A enfermeira percebeu que muitas pessoas confundiam mililitros e unidades da seringa, aumentando o risco de erros durante a aplicação.
“Recebia diariamente diversas dúvidas de pessoas que não entendiam essa diferença e tinham insegurança na hora de utilizar o medicamento.”
O vídeo, que ensina de forma prática como realizar o cálculo correto conforme a concentração da medicação, ultrapassou a marca de 1,3 milhão de visualizações. Outros conteúdos semelhantes também alcançaram números expressivos, chegando a mais de 700 mil visualizações.
“Mais importante do que os números é saber que estou contribuindo para que as pessoas utilizem a medicação de forma mais segura.”
Durante seu trabalho nas redes sociais, Lívia identificou diversos erros recorrentes relacionados ao uso inadequado do Mounjaro, entre eles:
- Uso de doses incorretas;
- Confusão com as unidades da seringa;
- Aplicação inadequada;
- Falta de progressão correta das doses;
- Alimentação inadequada e ausência de atividade física;
- Uso sem prescrição médica;
- Armazenamento incorreto da medicação.
A enfermeira alerta que a automedicação pode provocar efeitos colaterais importantes, como náuseas intensas, vômitos, diarreia e até episódios de hipoglicemia.
Ela também reforça que o medicamento não é indicado para qualquer pessoa.
“O Mounjaro deve ser utilizado somente após avaliação médica. Existem contraindicações importantes, como gestantes, pessoas com histórico de câncer medular de tireoide e pacientes com neoplasia endócrina múltipla tipo 2.”
Para Lívia, o acompanhamento profissional é indispensável para garantir segurança e eficácia no tratamento, permitindo ajustes de dose, monitoramento de efeitos colaterais e preservação da massa muscular.
Ela também chama atenção para alguns dos principais mitos disseminados nas redes sociais:
- “É só aplicar e emagrecer”;
- “Quanto maior a dose, melhor o resultado”;
- “Pode usar sem acompanhamento”;
- “Não existem efeitos colaterais”.
Segundo a enfermeira, essas falsas informações criam uma sensação perigosa de segurança e incentivam práticas inadequadas.

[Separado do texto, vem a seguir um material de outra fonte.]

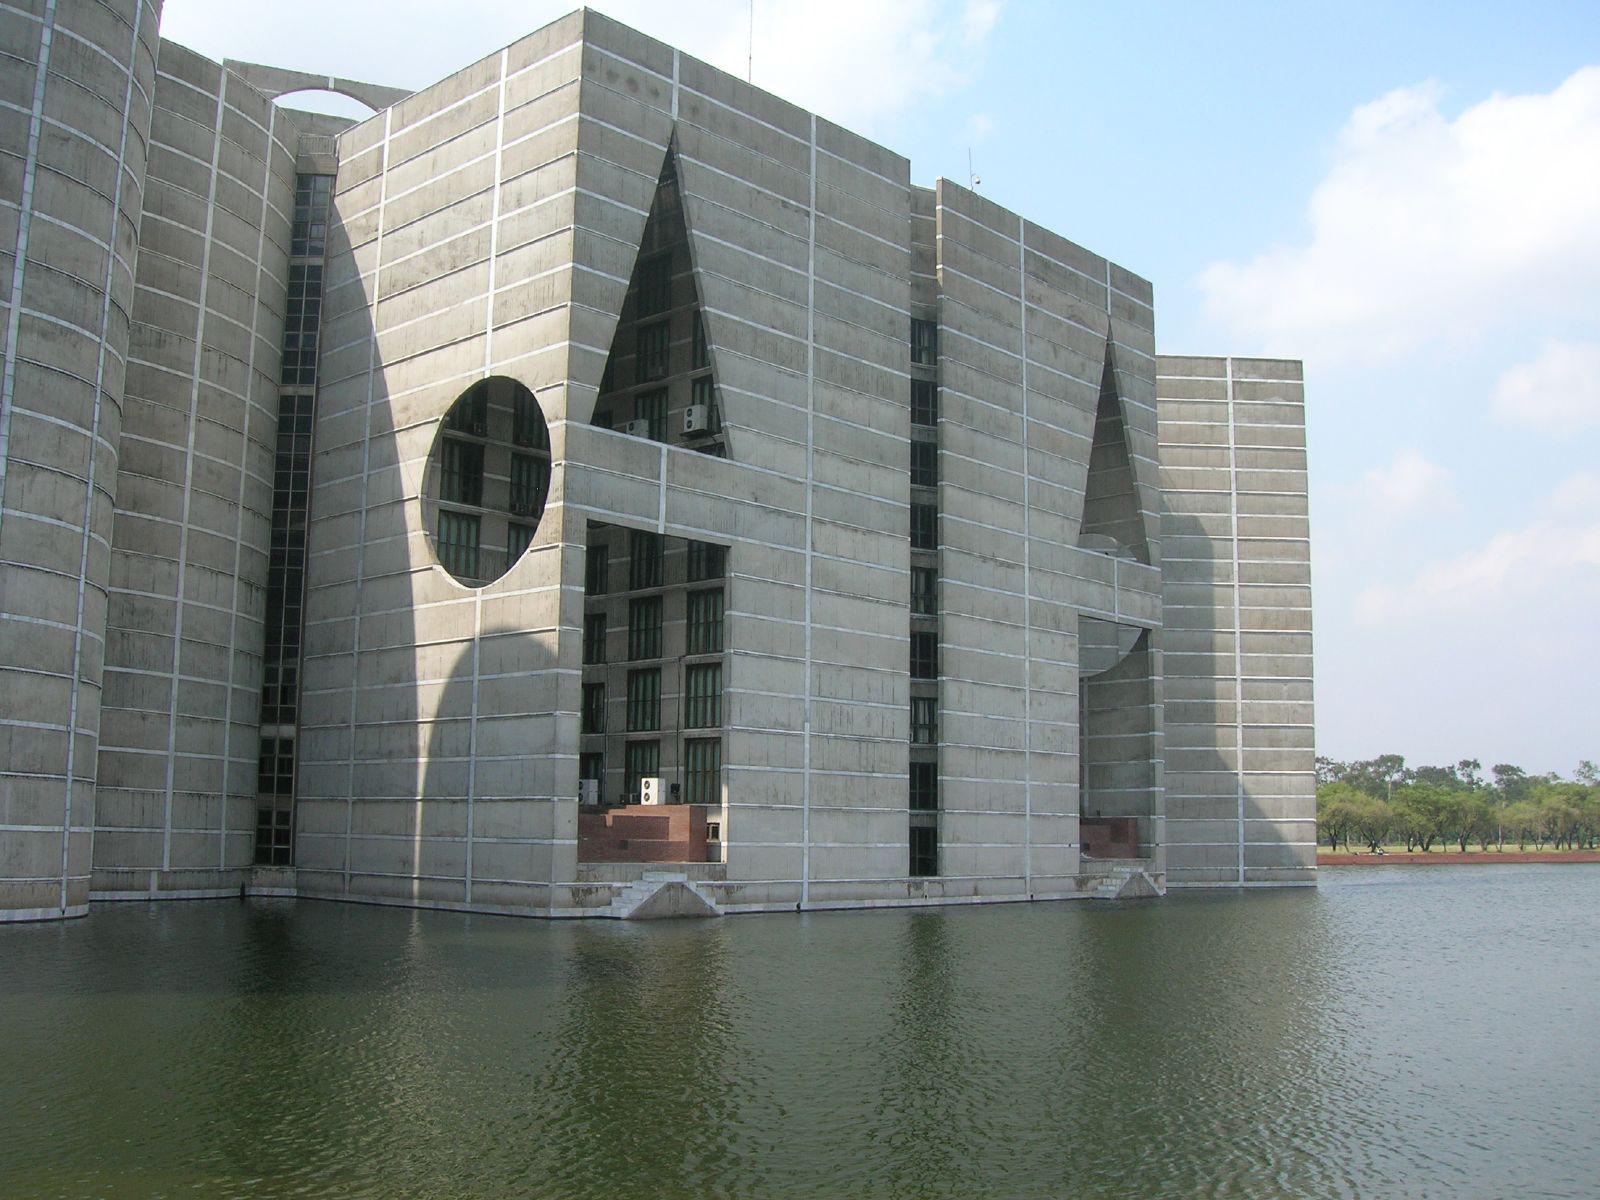 The modernist Jatiya Sangsad Bhaban or National Parliament House of Bangladesh, designed by Louis Kahn and Muzharul Islam

Mesmo conciliando mais de um vínculo profissional na enfermagem, Lívia faz questão de responder dúvidas enviadas por seguidores e manter uma relação próxima com seu público.
“Não é apenas sobre conteúdo. É sobre conexão, cuidado e responsabilidade com quem confia no meu trabalho.”
Para ela, as redes sociais possuem enorme potencial para promover educação em saúde, desde que utilizadas com ética, responsabilidade e compromisso científico.
“Quando usadas de forma responsável, elas se tornam um espaço de aprendizado, conscientização e transformação positiva na vida das pessoas.”